Smith's major league career was short but notable, as he became the 18th rookie since 1900 to throw a no-hitter. Smith's Cardinals defeated the San Diego Padres 4–0 on September 3, 2001, with the rookie hurler giving up four walks but no hits, while throwing 134 pitches in the game. Due to Smith's high pitch count entering the later innings, Cardinal pitching coach Dave Duncan was actually hoping someone would break up the no-hitter, fearing that his young pitcher might tire, although he went against that judgment in allowing Smith to finish the game. , Smith's is the most recent no-hitter by a Cardinals' pitcher.

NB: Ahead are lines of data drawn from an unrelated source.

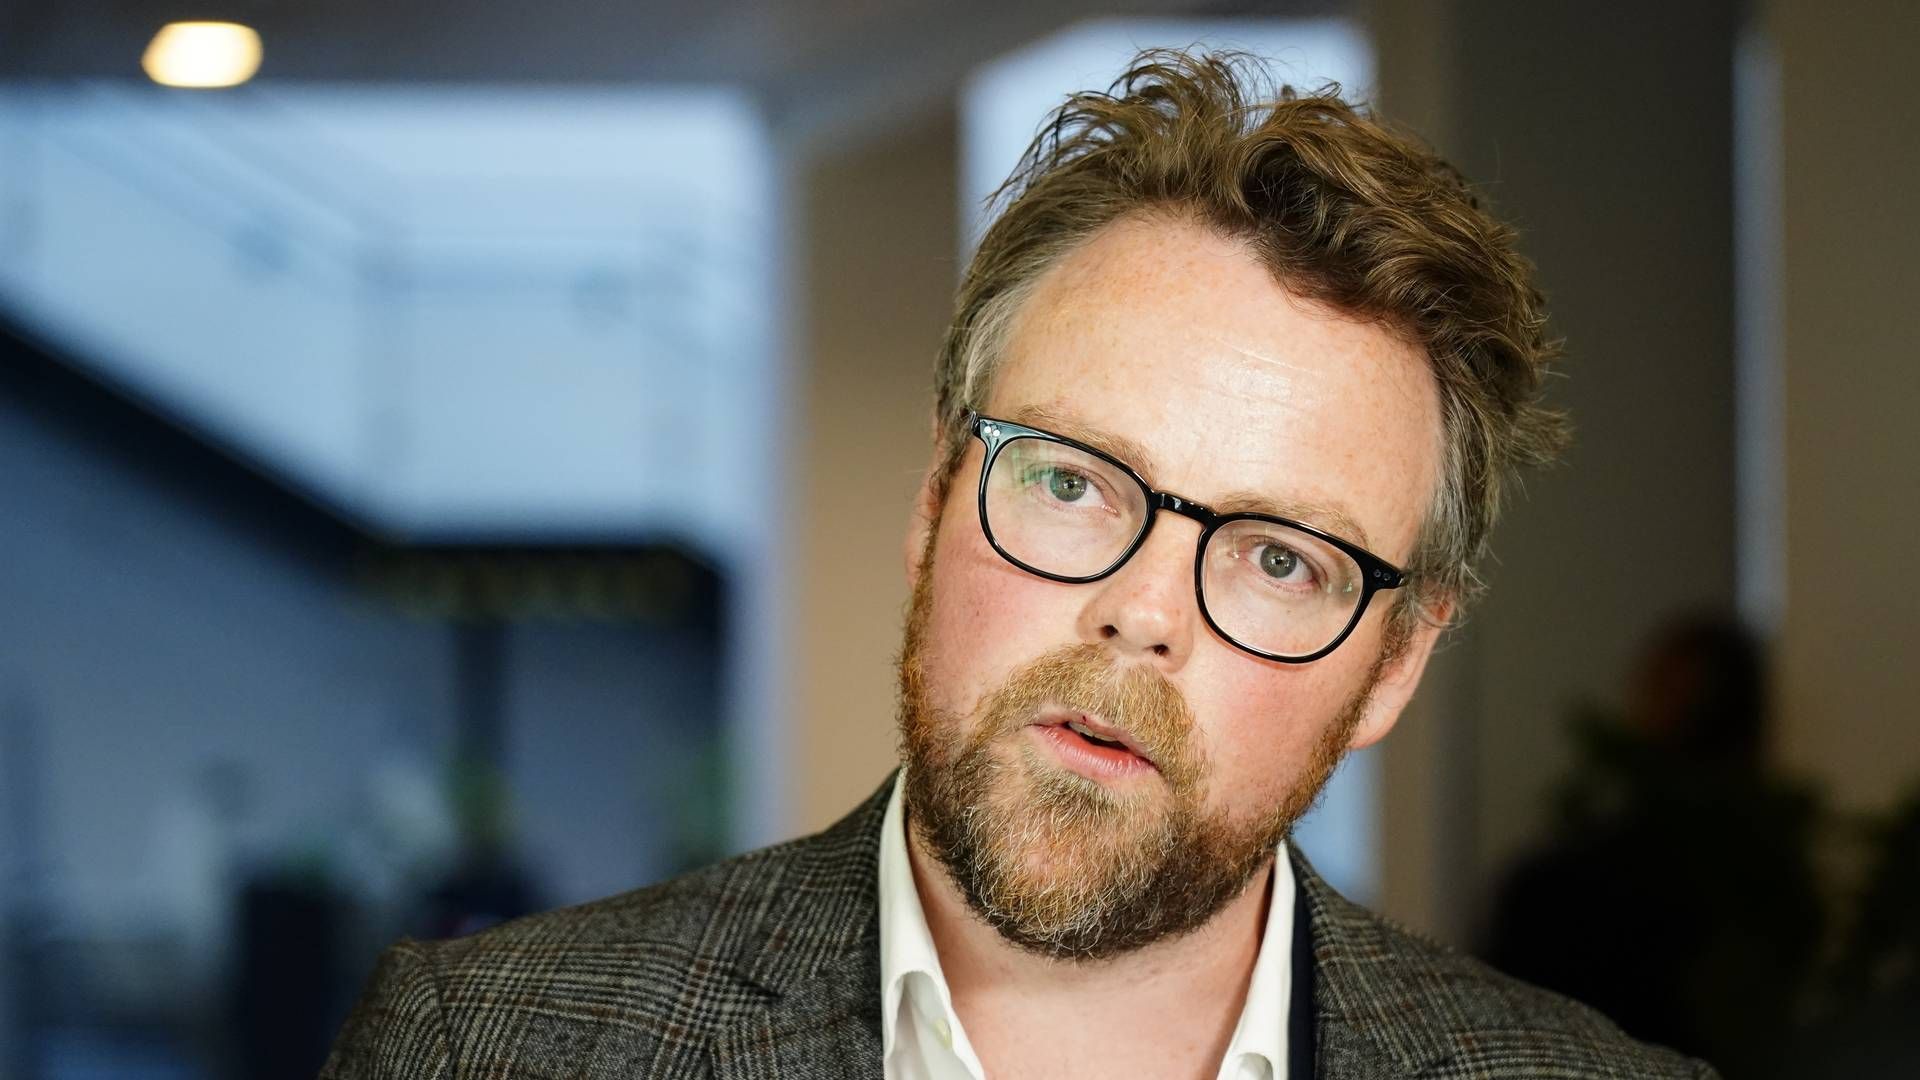 Arbeids- og sosialminister Torbjørn Røe Isaksen | Foto: Håkon Mosvold Larsen/NTB
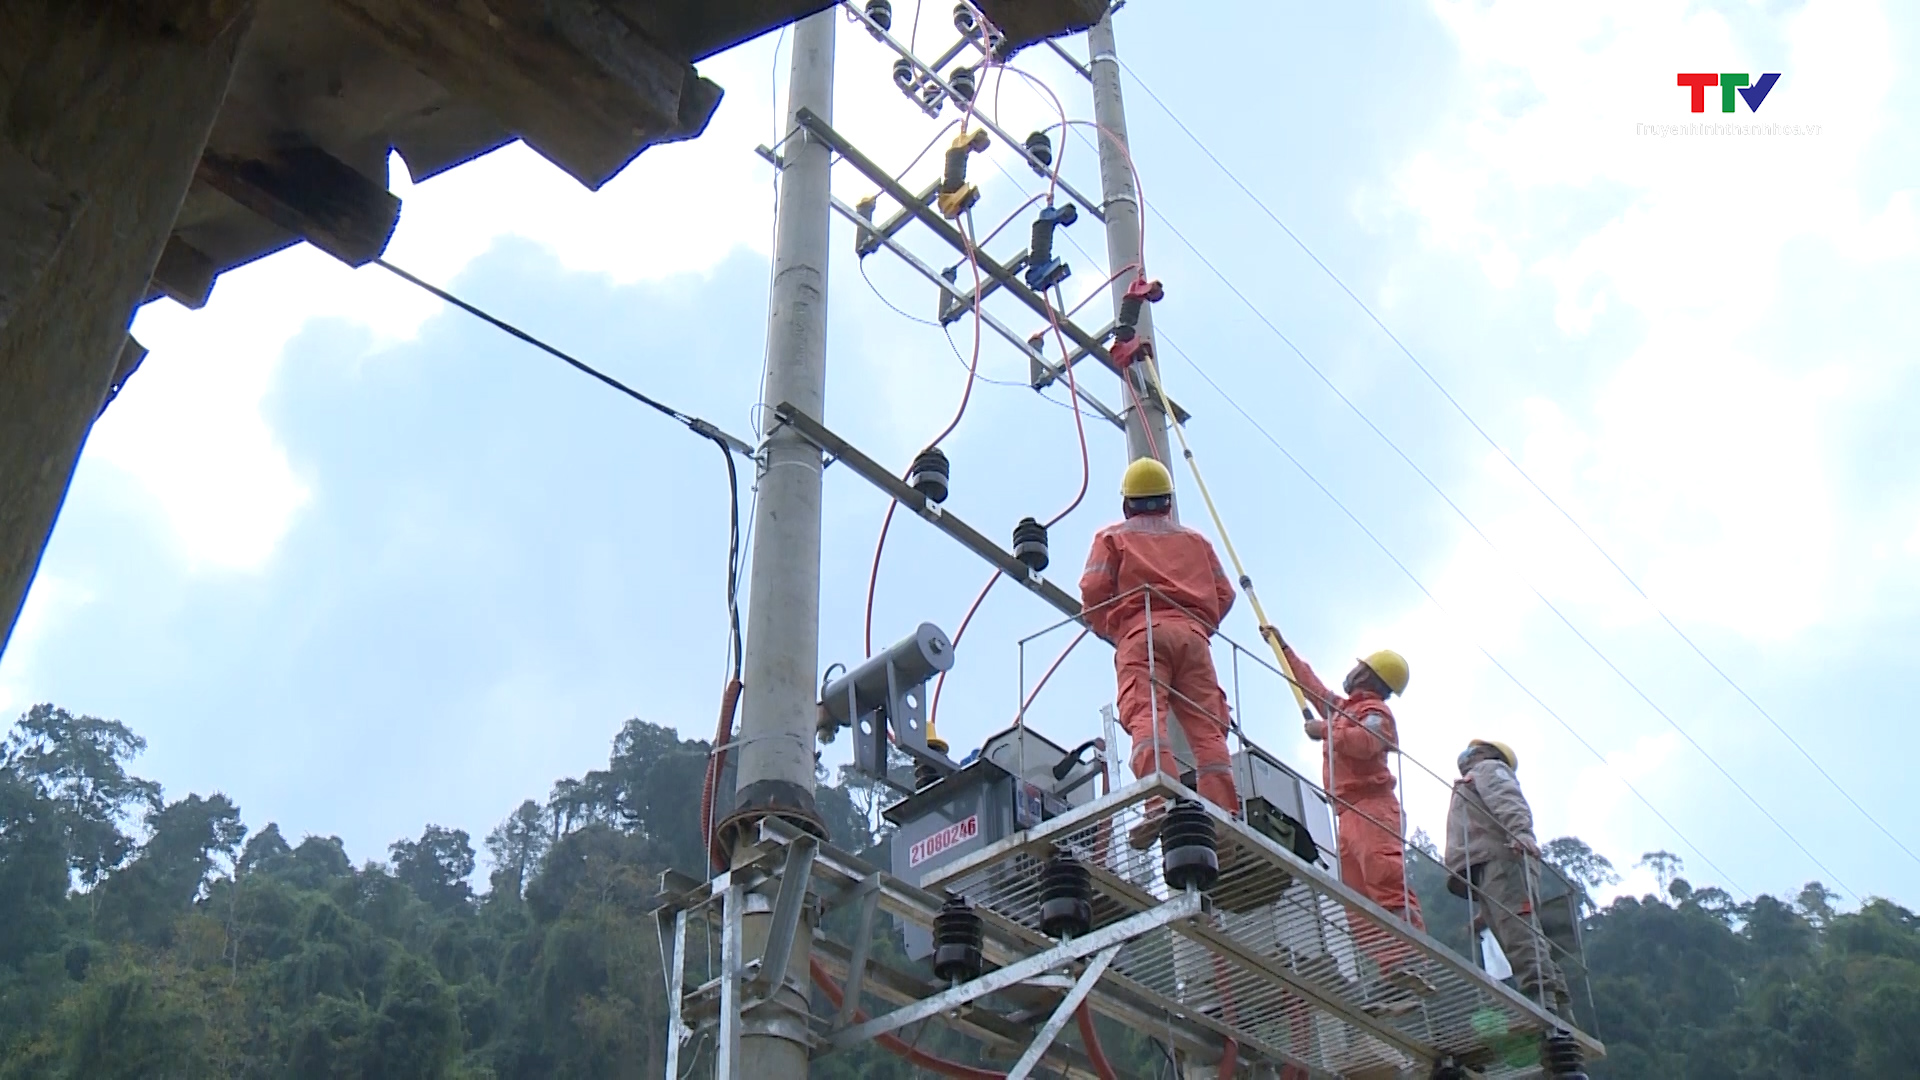 Khắc phục khó khăn hoàn thành tiêu chí điện trong xây dựng nông thôn mới ở các huyện miền núi Thanh Hoá - Ảnh 4.
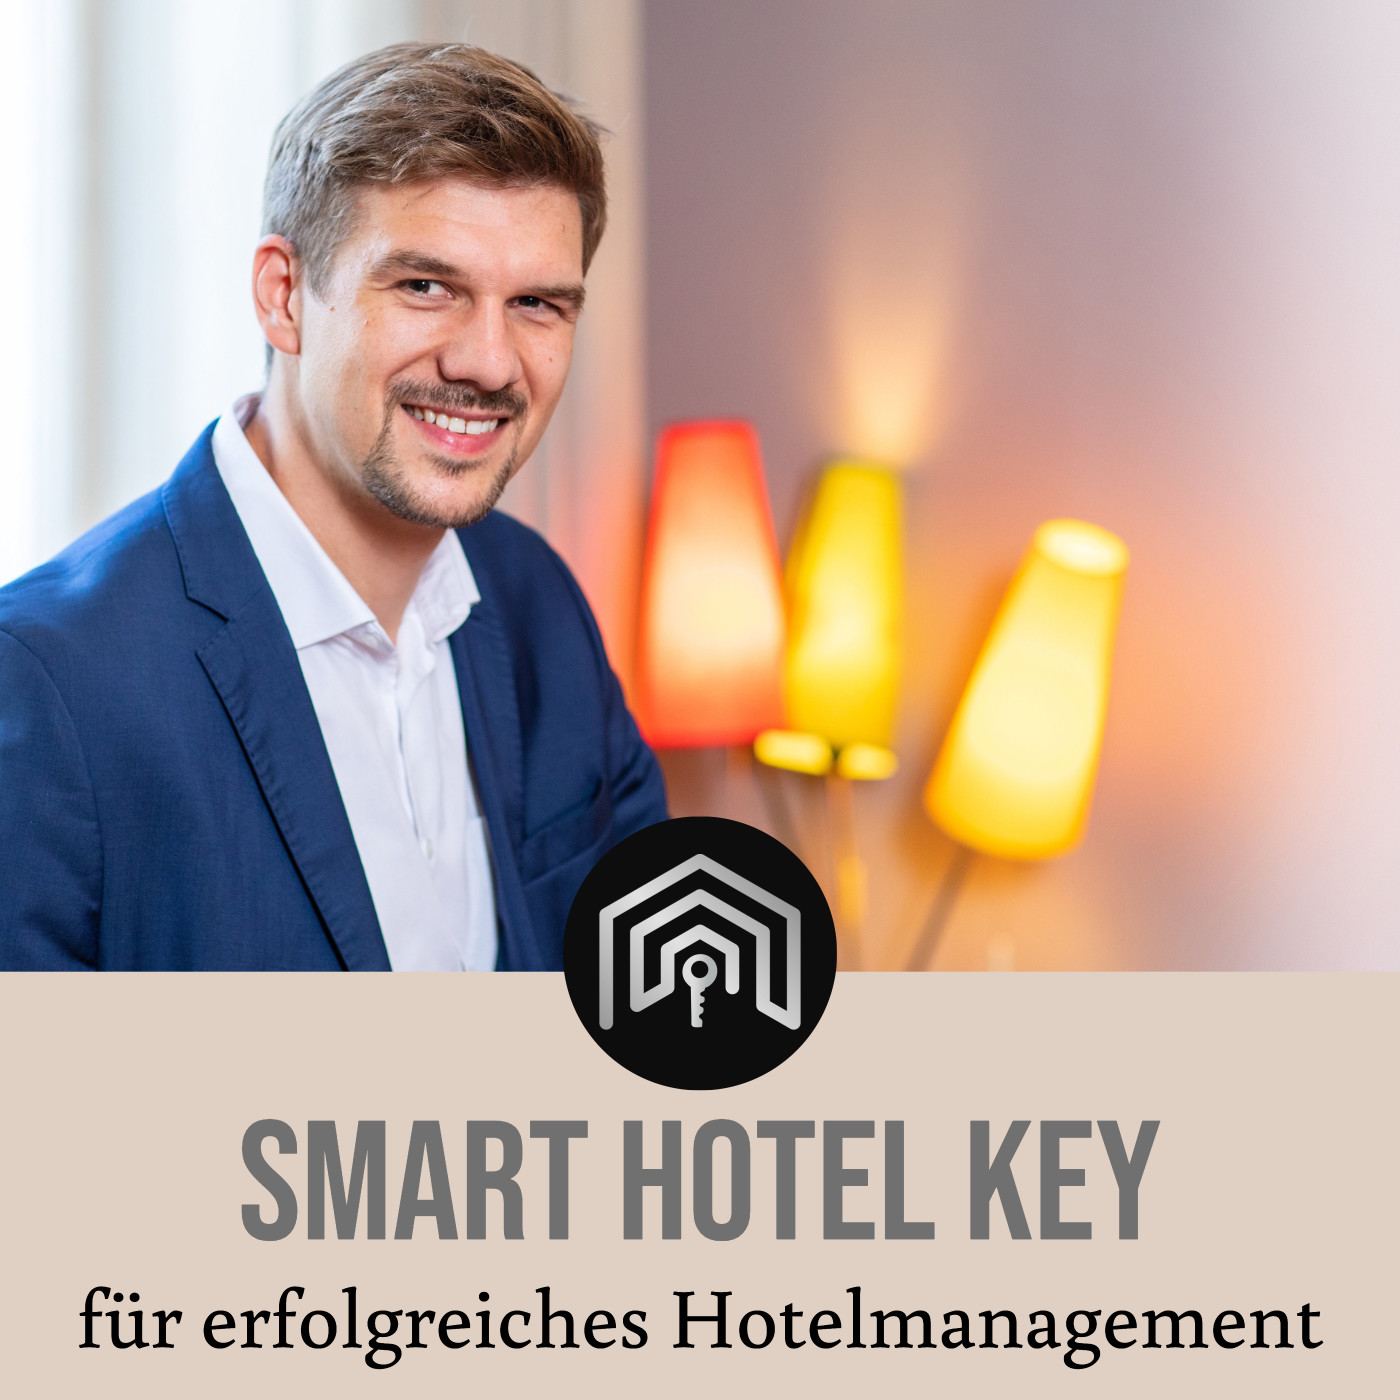 Smart Hotel Key, dein Podcast für erfolgreiches Hotelmanagement

Smith had an impressive rookie season in 2001, compiling a 6–3 record and 3.83 earned run average in 16 games, good for fourth in Rookie of the Year voting. However, after posting a dreadful 6.94 era in his sophomore season, he never pitched at the major league level again.

Smith has the distinction of being the last member of the Cardinals to wear the number 51. In his major league debut, he donned the number associated with retired fan favorite Willie McGee, upsetting many fans. Shortly thereafter, Smith agreed to change his number to 52 and no one has used 51 since.

For his career, Smith was 7–8 with a 4.95 earned run average in 132.7 innings. He made 27 appearances with 24 starts, with the no-hitter being his only complete game shutout. 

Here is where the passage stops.